Solar power station in Togo

Kpalassi Solar Power Station (also Awandjélo Solar Power Station) is a 42 MW solar power plant, under development in Togo. The power station is being developed by the government of Togo, through the Agence Togolaise d’Electrification Rurale et des Energies Renouvelables (AT2ER) (Togolese Agency for Rural Electrification and Renewable Energy), with loans from the World Bank Group and from the West African Development Bank, under the Scaling Solar program.

==Location==
The power station would be located in Kpalassi Village, near the town of Awandjélo, in the Assoli Prefecture of the Kara Region, in the north of Togo. Awandjélo is located approximately 12.5 km south of Kara, the provincial capital. This is about 400 km north of Lomé, the national capital and largest city of Togo.

==Overview==
The International Finance Corporation (IFC), the "private window" of the World Bank Group, has a program called "Scaling Solar", which encourages and provides financing to sub-Saharan African countries to diversify energy sources by setting up solar generation stations, either by themselves or in public private partnerships (PPPs) with independent power producers (IPPs).
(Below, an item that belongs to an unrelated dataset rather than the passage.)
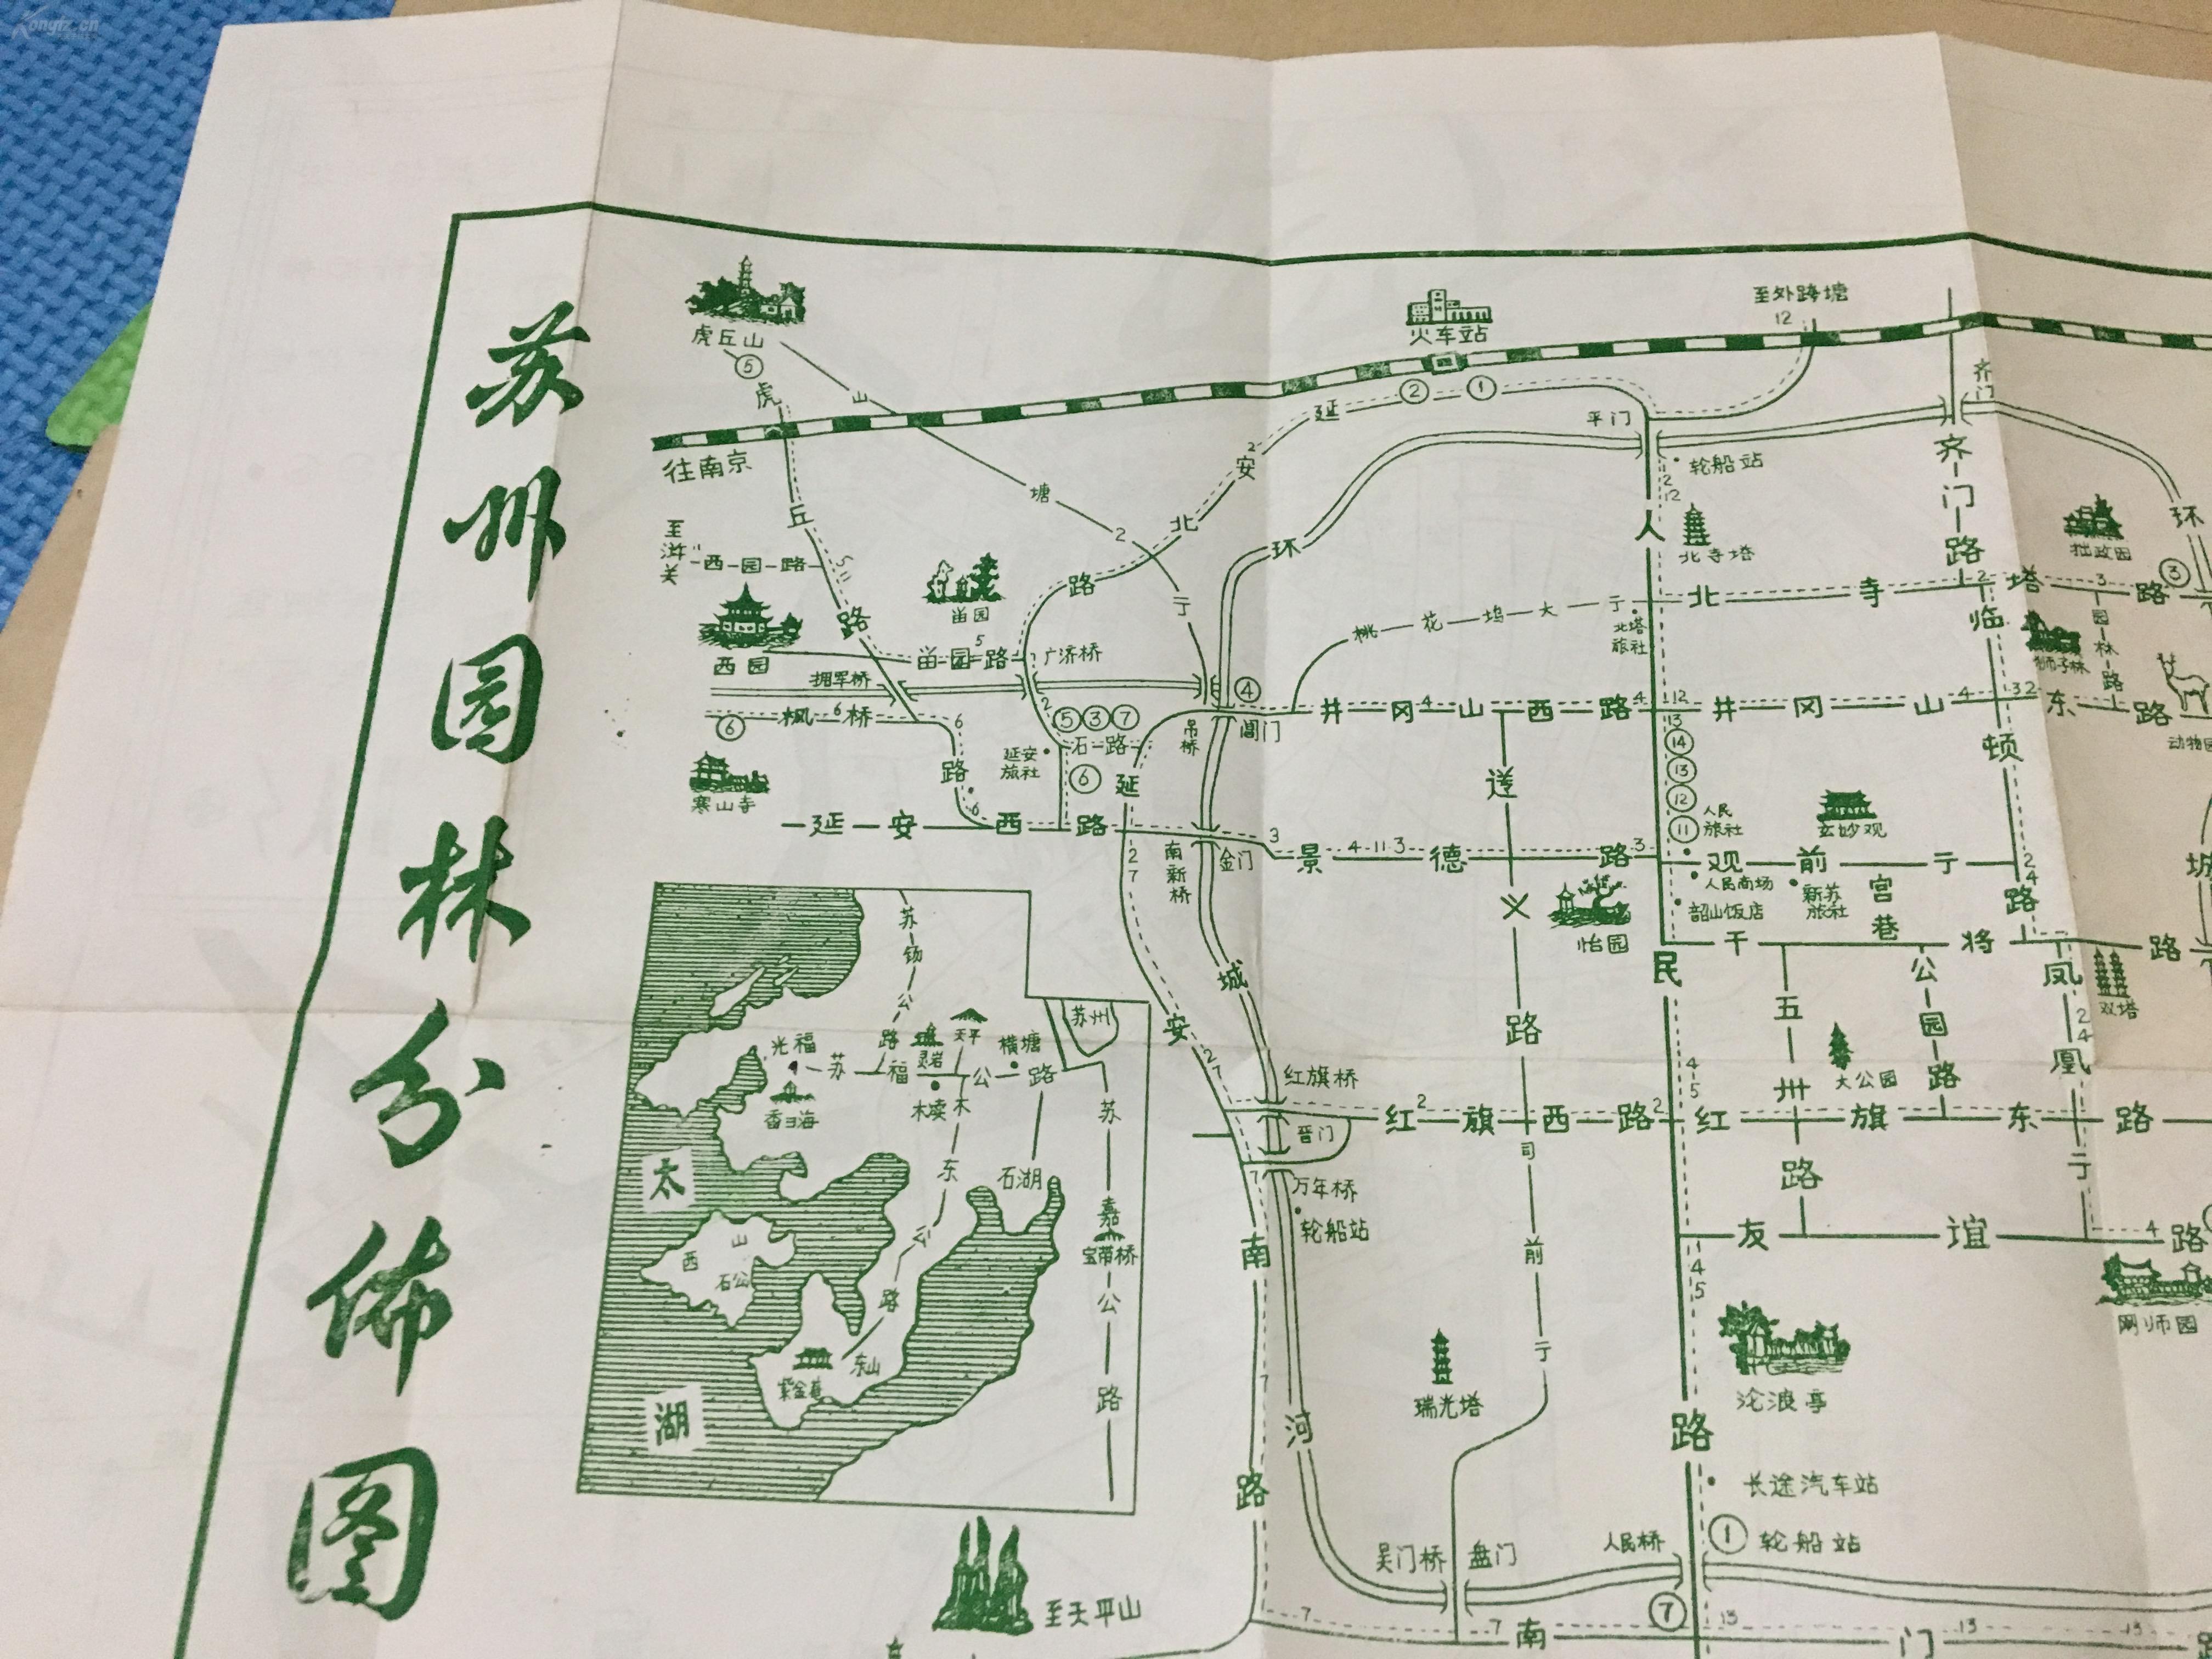 中国地级市地图_中国地图地级市_中国市级地图清晰

Togo signed up for the Scaling Solar mechanism in 2019. This is one of the first three solar farms under that arrangement. The design calls for a capacity of 42 megawatts.

==Developers==
The IPP for this power station was still in the tender stage, as of June 2022.

==Financing==
As of July 2022, the West African Development Bank had committed to lend €38 million towards the construction of this power station.